I see where you are going with this, you are mentioning many things totally unrelated to the wifi 6 vs console wired connection because you don't want to accept that the facts say that the wifi 6 is better than the wired connection for consoles and don't have any fact to back your wishes.
Read the facts and accept that this new technology is a new paradigm for the wifi vs wired comparision in consoles.
What in the world? Sending data through radio frequencies will never be faster or more robust than a hardwired copper/fiber cable. Wifi latency is measured in milliseconds. Ethernet is in microseconds, and even nanoseconds in data centers.

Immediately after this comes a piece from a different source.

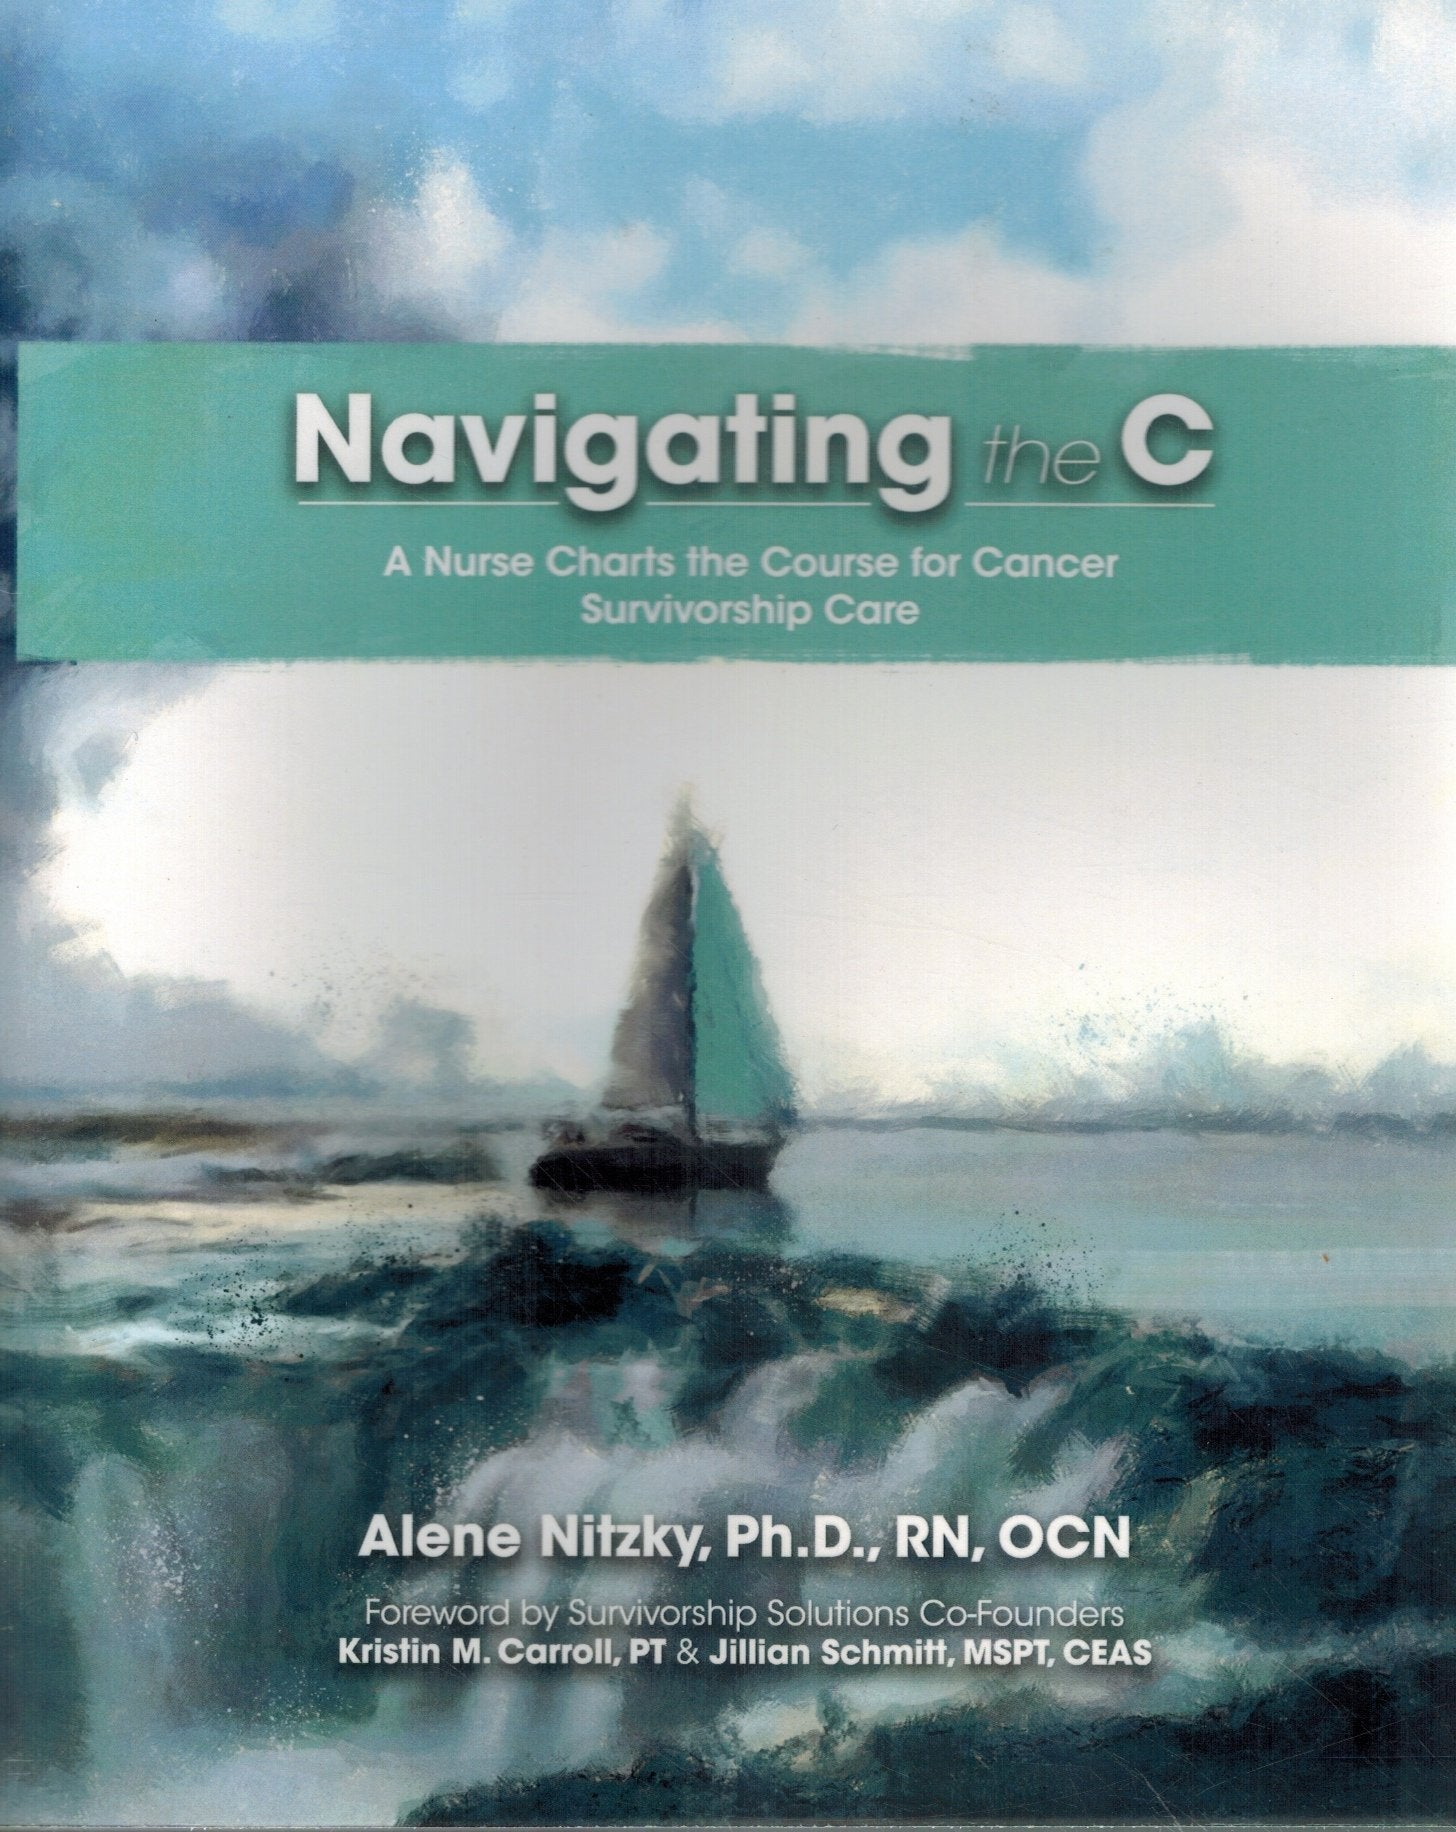 NAVIGATING THE C A Nurse Charts the Course for Cancer Survivorship Care  by Nitzky Ph. D. , Alene

I posted the sources many times in the thread, won't post them again. Go and search them. One of them was a real world latency test made by Parsec using a home 802.11ac router testing wifi 2.4GHz vs 5.0GHz vs Gigabit Ethernet. 5.0Ghz 802.11ac wifi gave ~5ms of latency and ethernet gave ~1ms. Other sources posted in the thread mention 802.11ax cuts a 75% of the wifi 802.11ac latency, which would mean ~1,2ms of latency. With old wifi systems the difference between wifi and wired was of even dozens of ms and wifi latency was very unstable, but in newer wifi systems (5.0GHz) it got more stable and reduced vastly the latency, to the point that the difference between wifi 6 and wired is under 1ms, which makes it basically the same, and on top of that wifi 6 offers higher speeds (over 20-50% in real world tests, links also posted in this thread) and other benefits.
Datacenters don't use the 1000BASE-T wired connections that consoles use and don't use these routers, they use faster stuff. On top of that, in their measurings probably are removing some overhead that maybe is counted in this real world home test from packets, ping, etc.